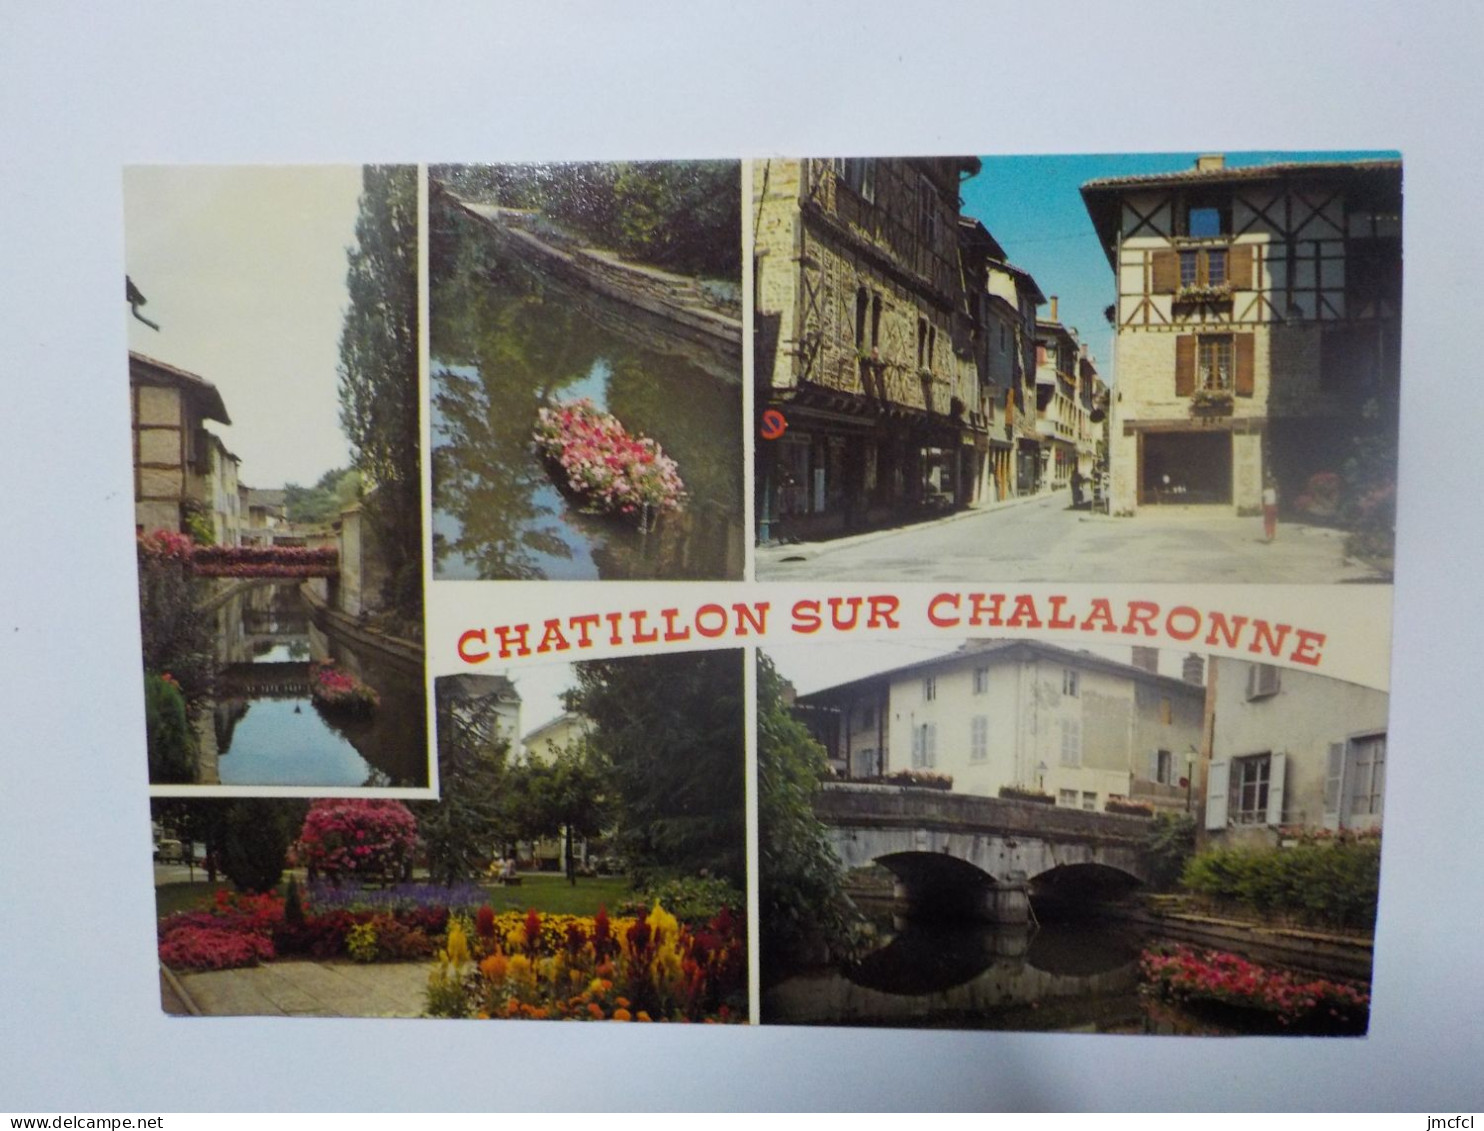 CHATILLON SUR CHALARONNE  Ville Fleurie - Châtillon-sur-Chalaronne
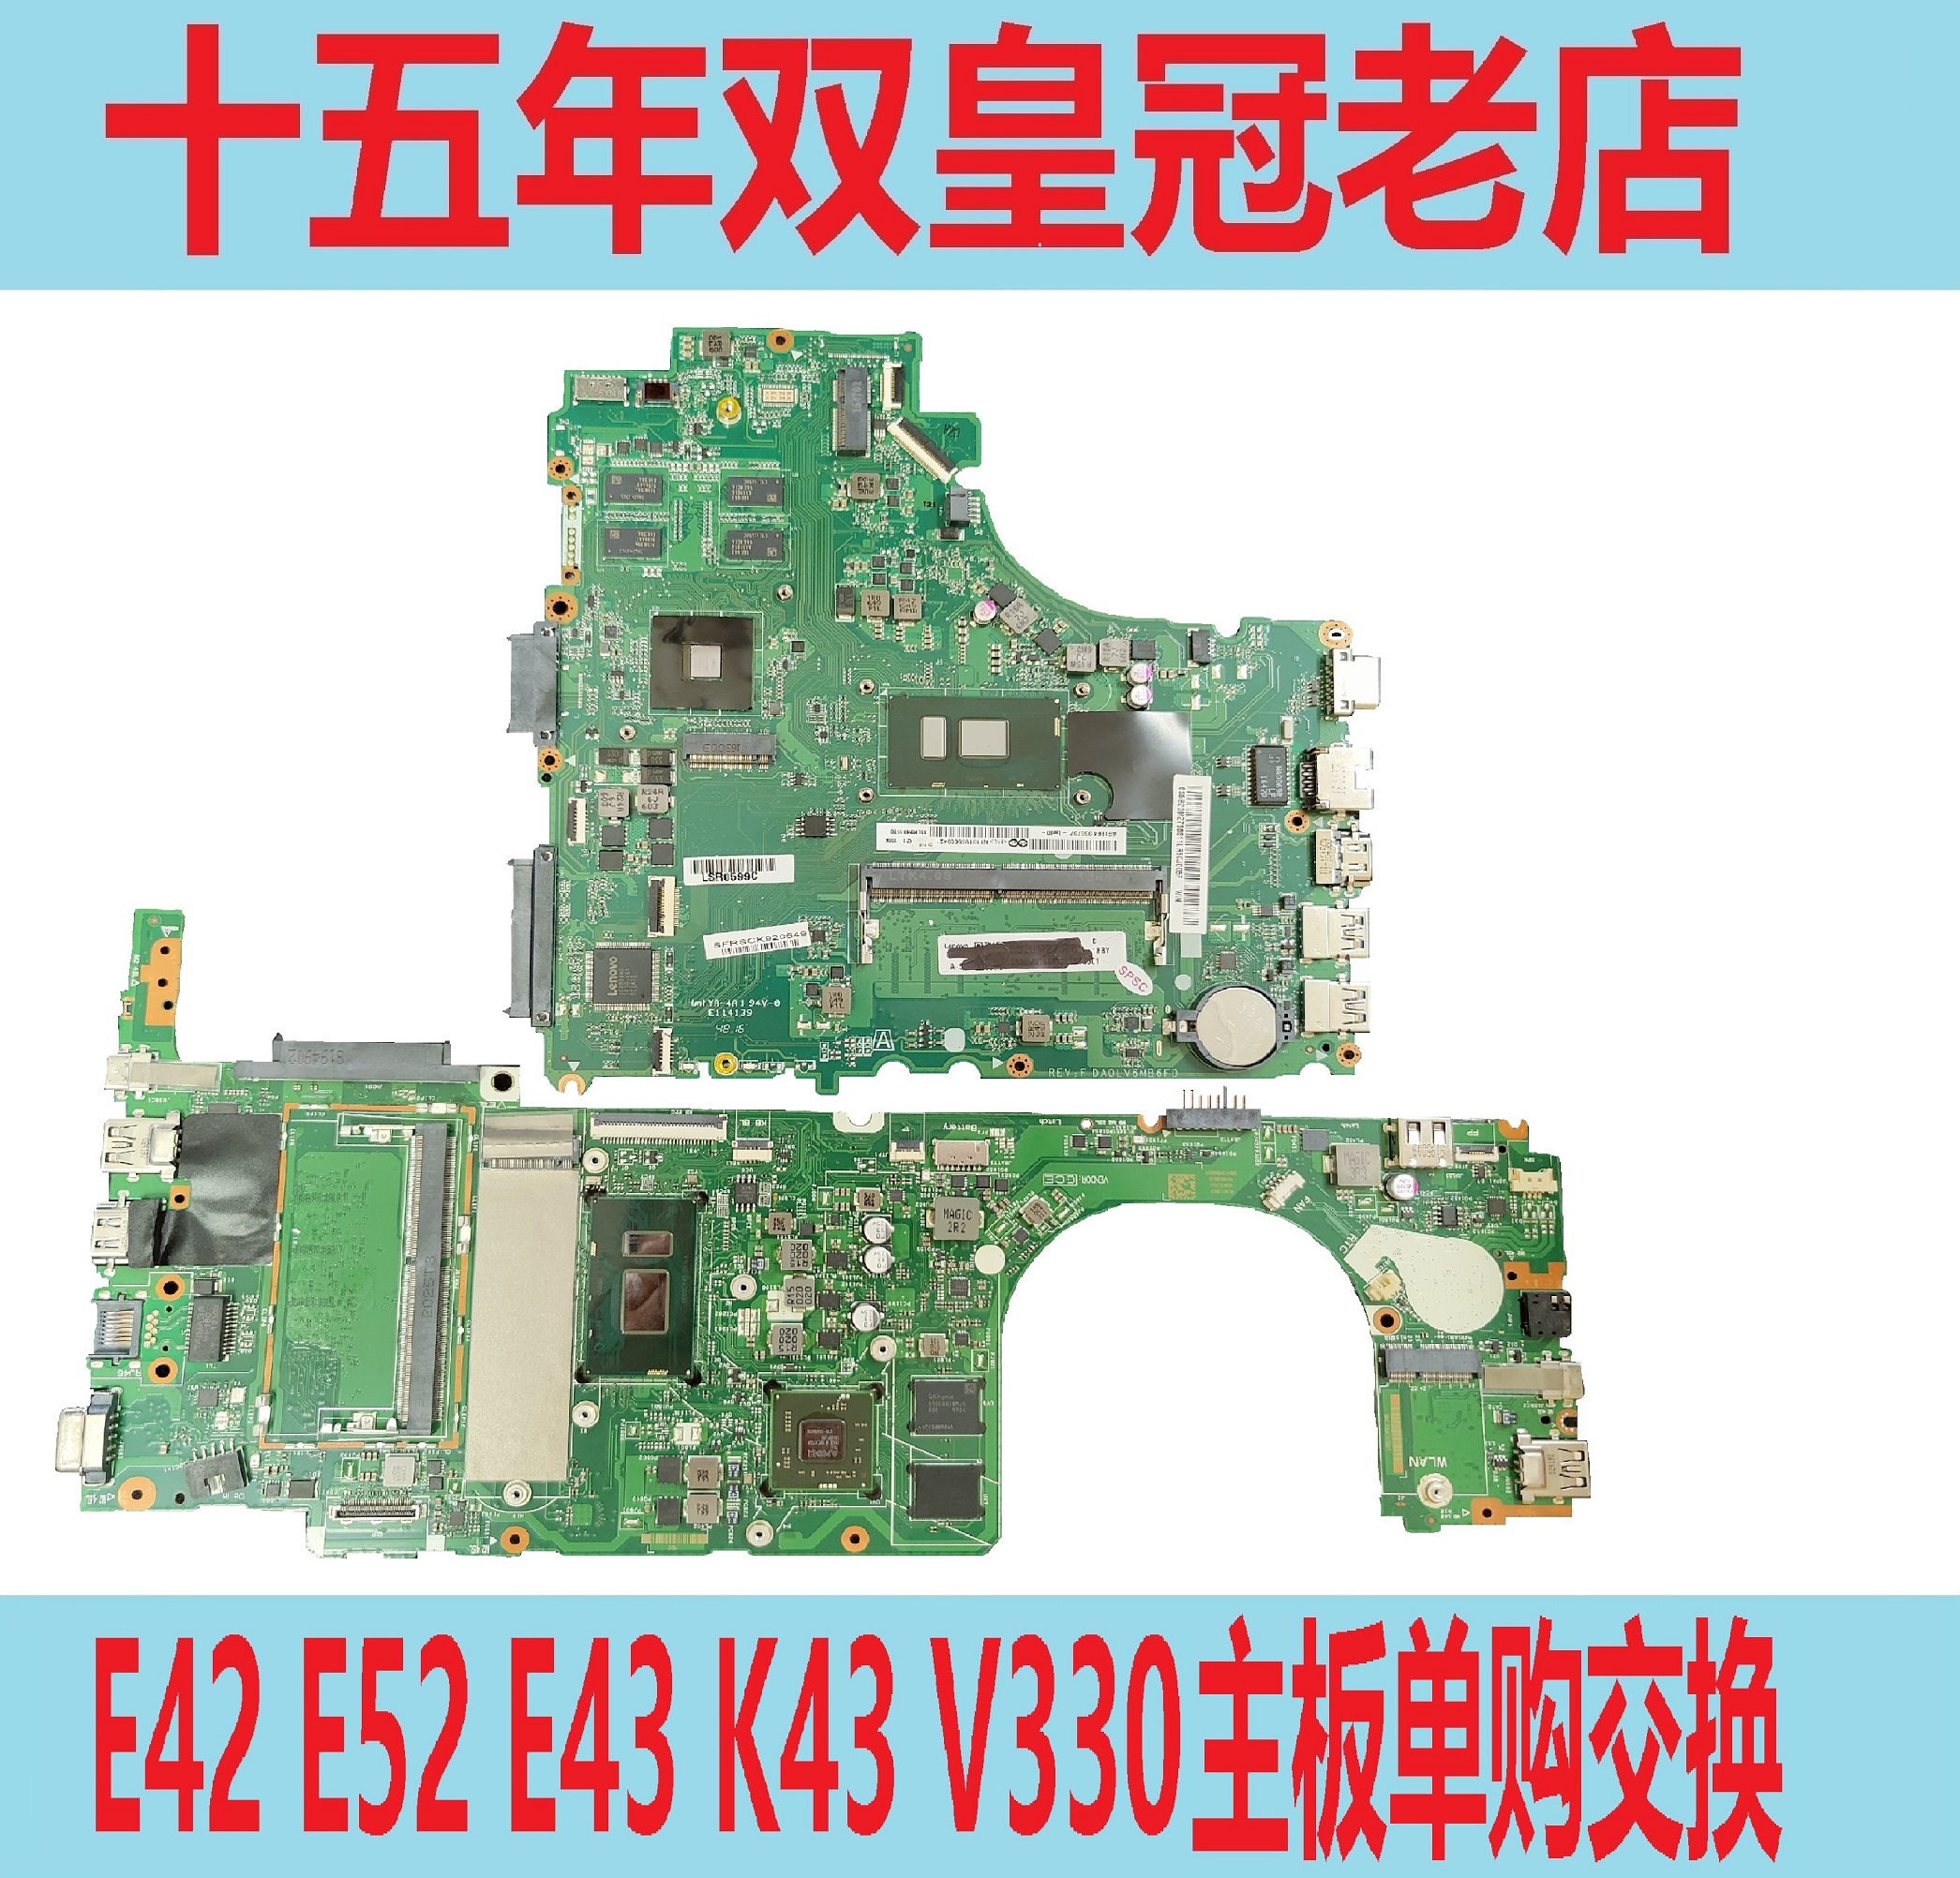 联想K43C-80 E41 E53 昭阳 E42-80 E52 E43-80 V130  V330-14主板
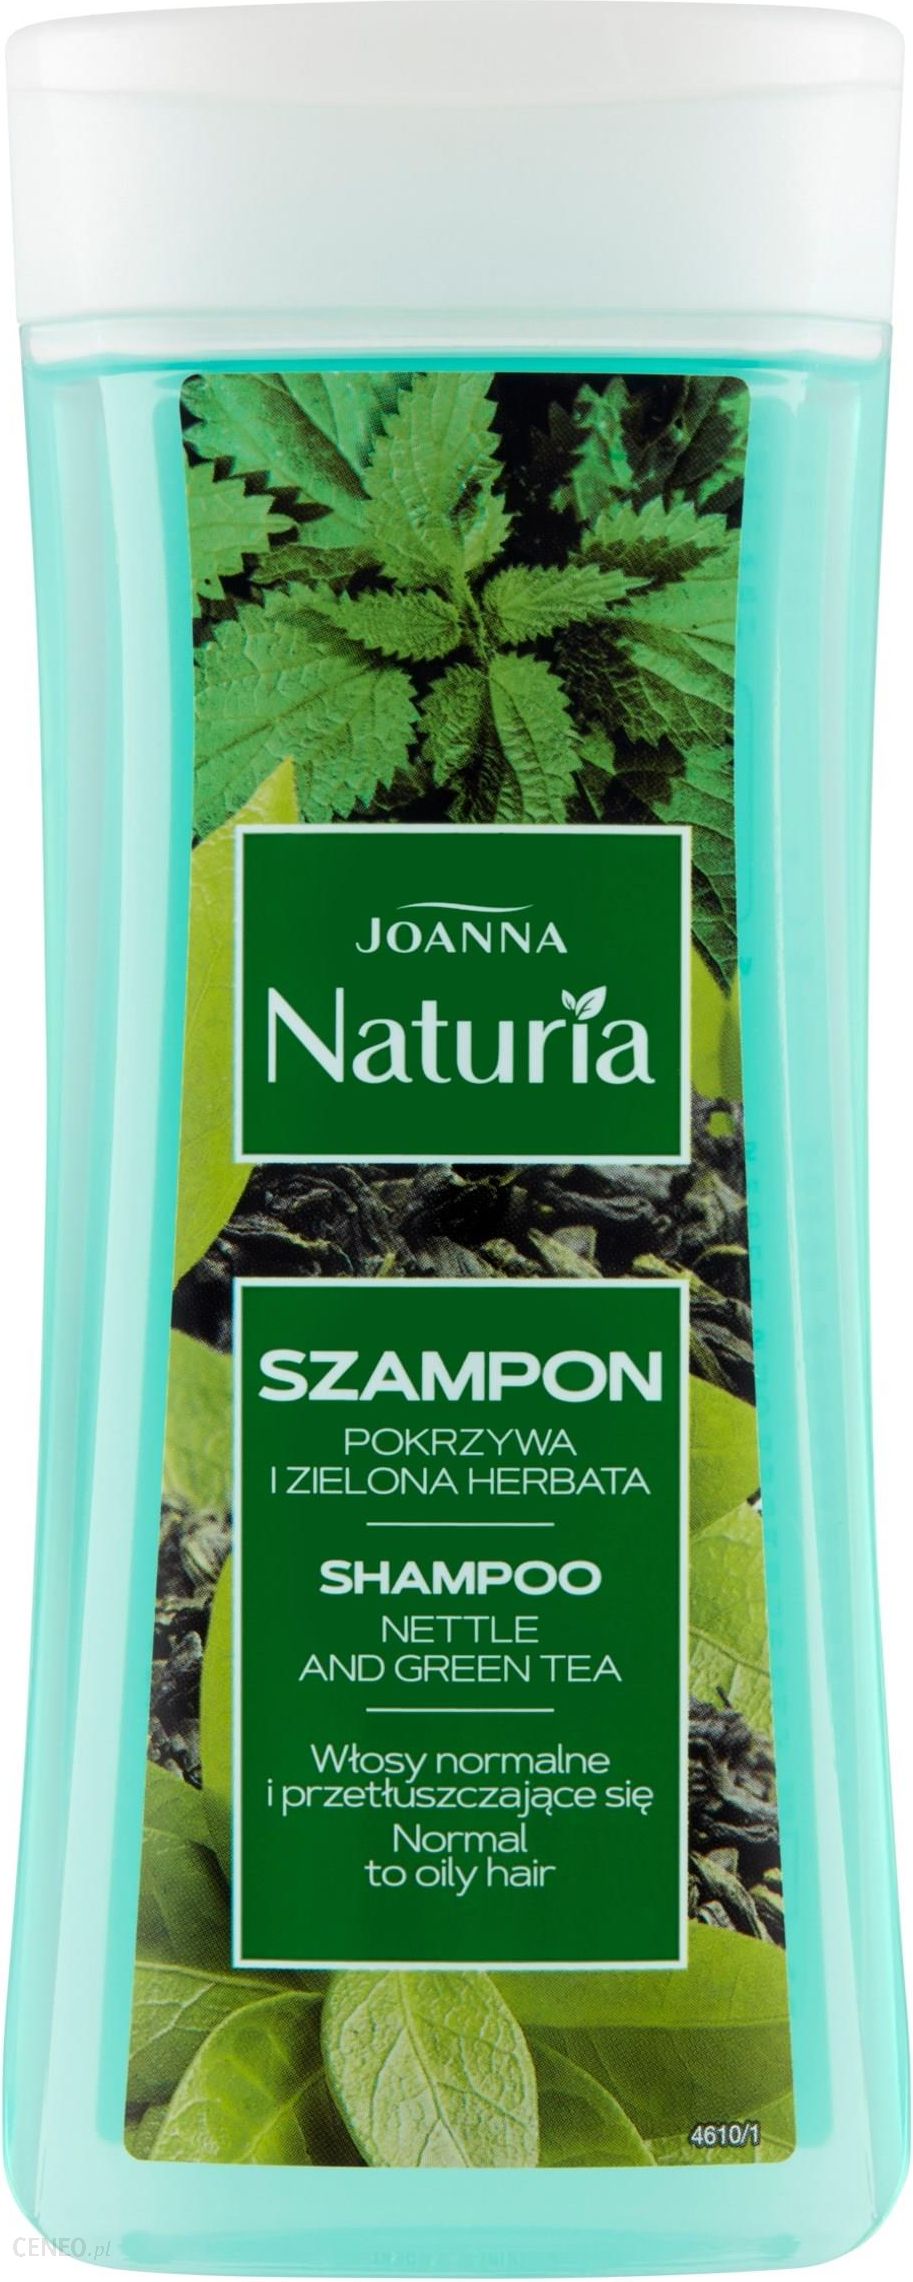 joanna odżywka do włosów pokrzywa i zielona herbata

--------

Task to carry out:
Copy the full listing above exactly, apart from the pictures.

Solution to this exercise:
 CHATILLON SUR CHALARONNE  Ville Fleurie - Châtillon-sur-Chalaronne
 联想K43C-80 E41 E53 昭阳 E42-80 E52 E43-80 V130  V330-14主板
 joanna odżywka do włosów pokrzywa i zielona herbata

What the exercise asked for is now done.